Experimental program
Comparison scheme
Effect test

Embodiment 1

[0040] 1. Preparation of BelRNAi gene transcription unit

[0041] The RNA interference used here mainly interferes with Bel transcripts in cells by introducing a 300bp long hairpin (Hairpin) structure.

[0042] Using primers Beli-F1 (gagctcAGCTTAGCCATGGATAACGCCTAC, the lowercase underline is the SacⅠ restriction site) and Beli-R1 (ctgcagAAGGTCACGTCGTGCTCGGTGAAGCACTC, the lowercase underline is the PstⅠ restriction site), and the forward sequence was obtained by PCR amplification.

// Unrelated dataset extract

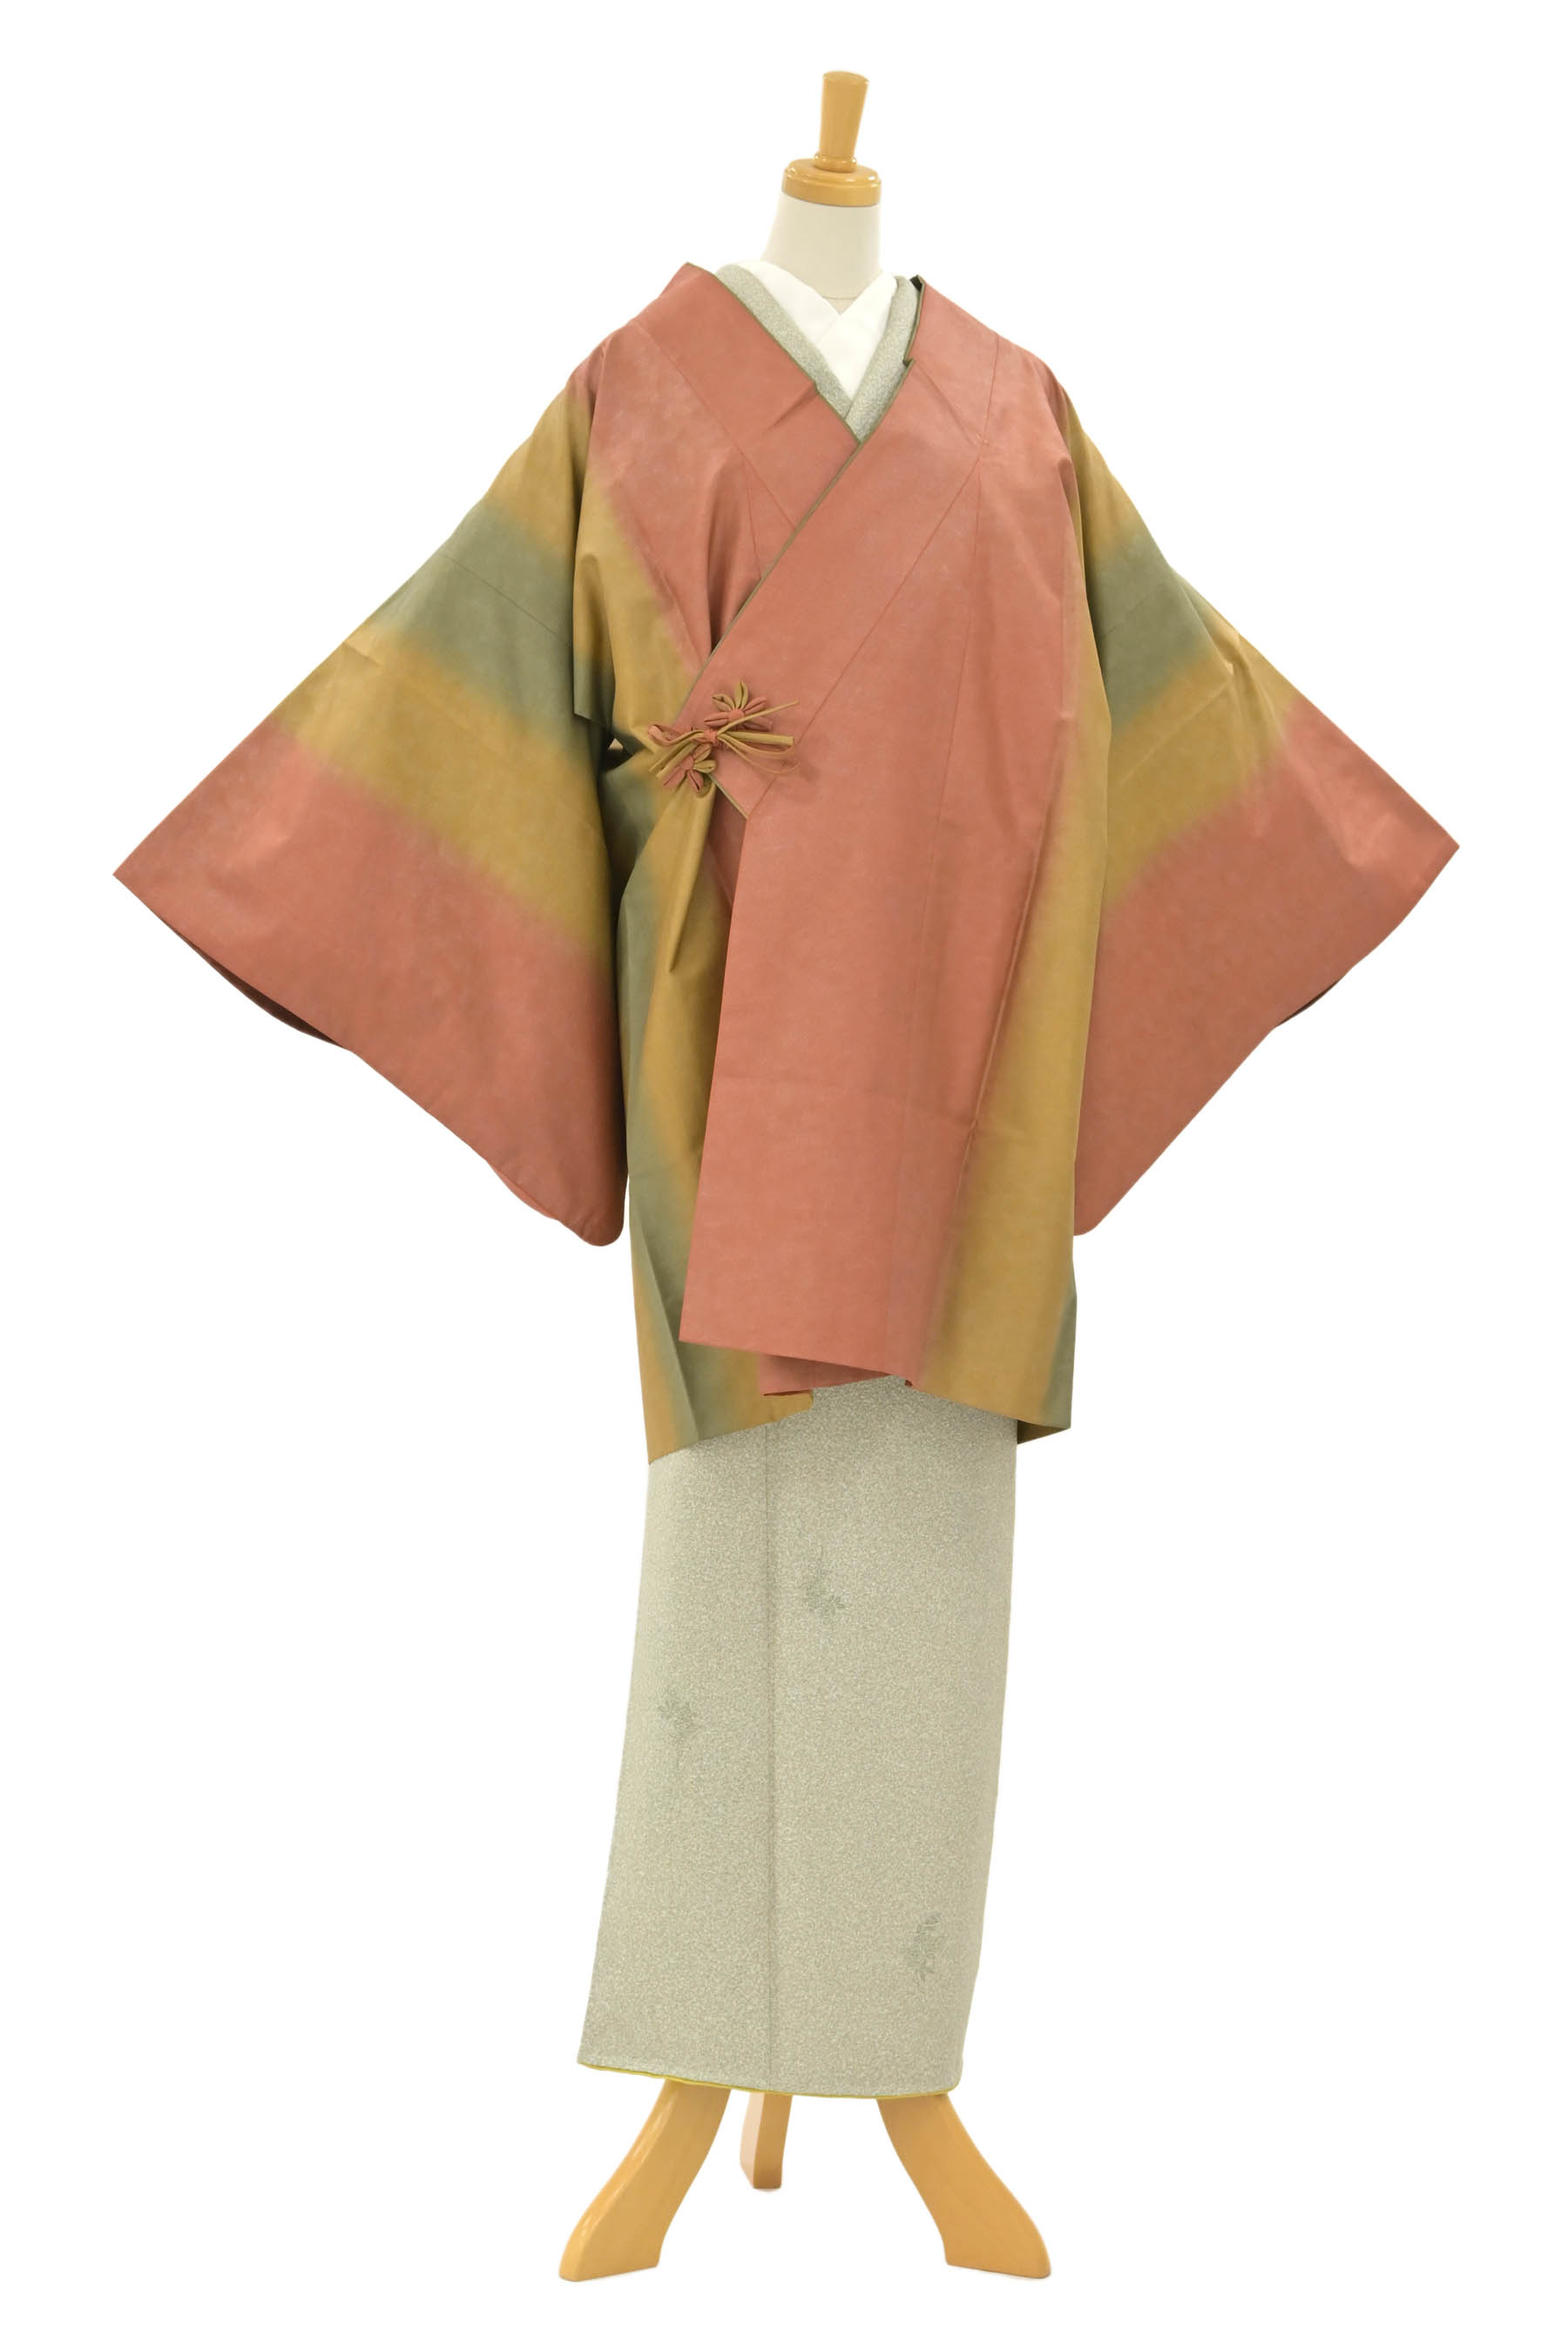 西陣紬をお探しなら京都きもの市場【日本最大級の着物通販サイト】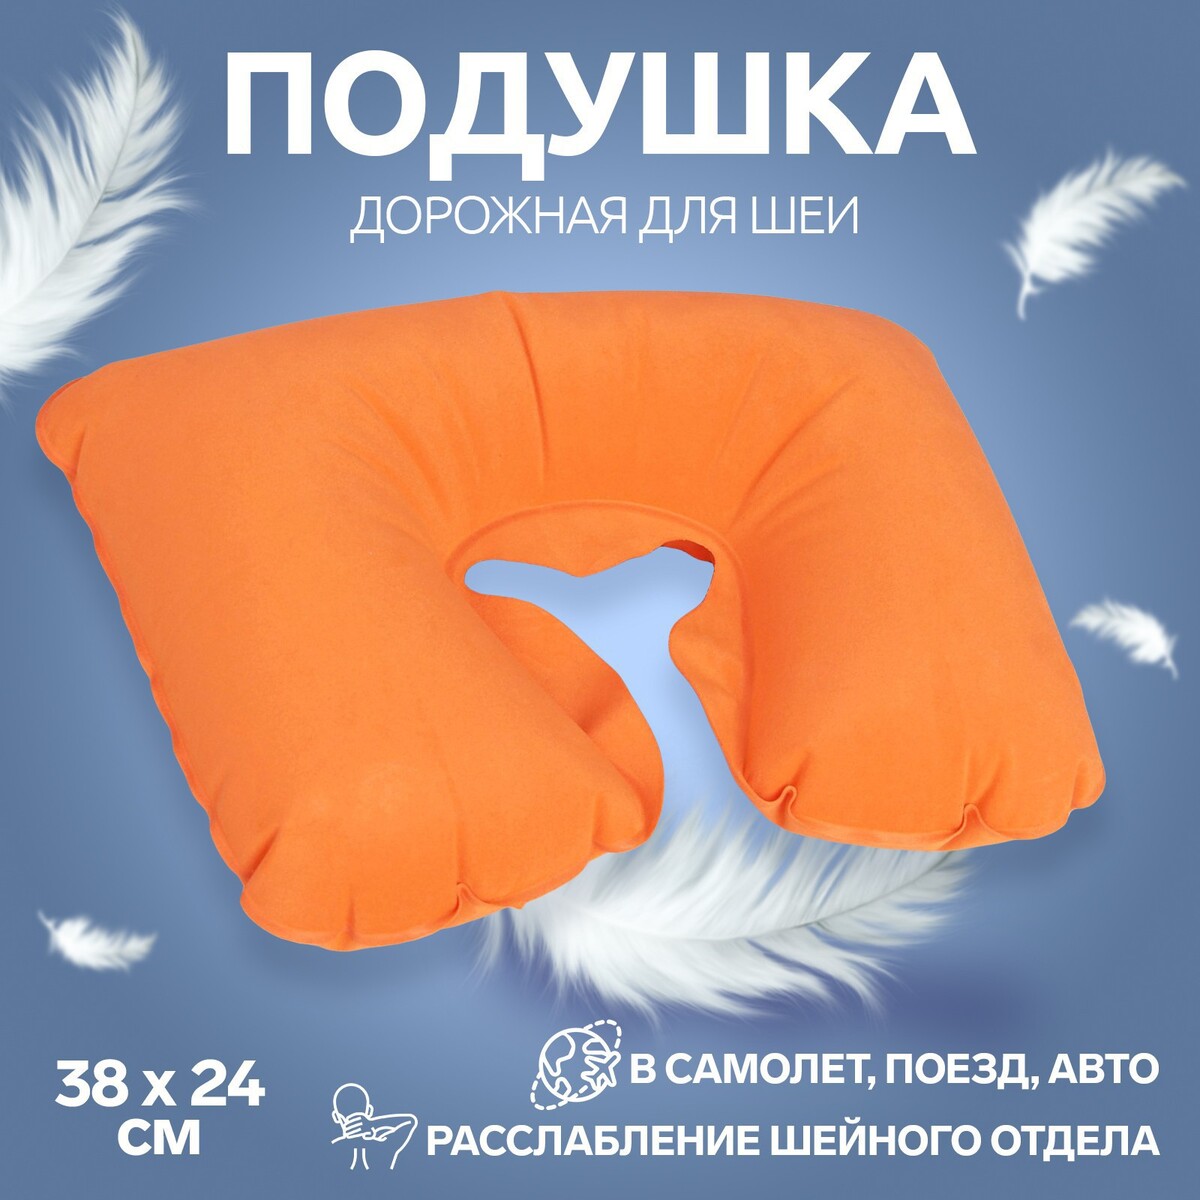 Подушка для шеи дорожная, надувная, 38 × 24 см, цвет оранжевый надувная подушка acecamp синий

[0043] On the other hand, primers Beli-F2 (ggtaccAGCTTAGCCATGGATAACGCCTAC, the lowercase underline is the KpnI restriction site) and Beli-R2 (ctcgagAAGGTCACGTCGTGCTCGGTGAAGCACTC, the lowercase underline is the XhoI restriction site) were used. Sequencing was performed after connecting the two sequences to the T vector, and the sequencing result was SEQ ID NO.1.

[0044] After the sequencing is correct, the sequence is loaded into PCAMBIA-1301, assembled with the d35S and NOS terminal on the carrier...

Embodiment 2

[0049] Example 2 Using the gene OsLCT1 (Os06g0579200) related to cadmium (Cd) transport as the target gene, screening of plants without transgenic fragments

[0050] The cadmium (Cd) transport-related gene OsLCT1 (Os06g0579200) was used as the target gene, and the 20bp fragment 5'-TACTATCCCGCGTGCCAATG-3' was introduced as sgRNA to generate the OsLCT1 mutant.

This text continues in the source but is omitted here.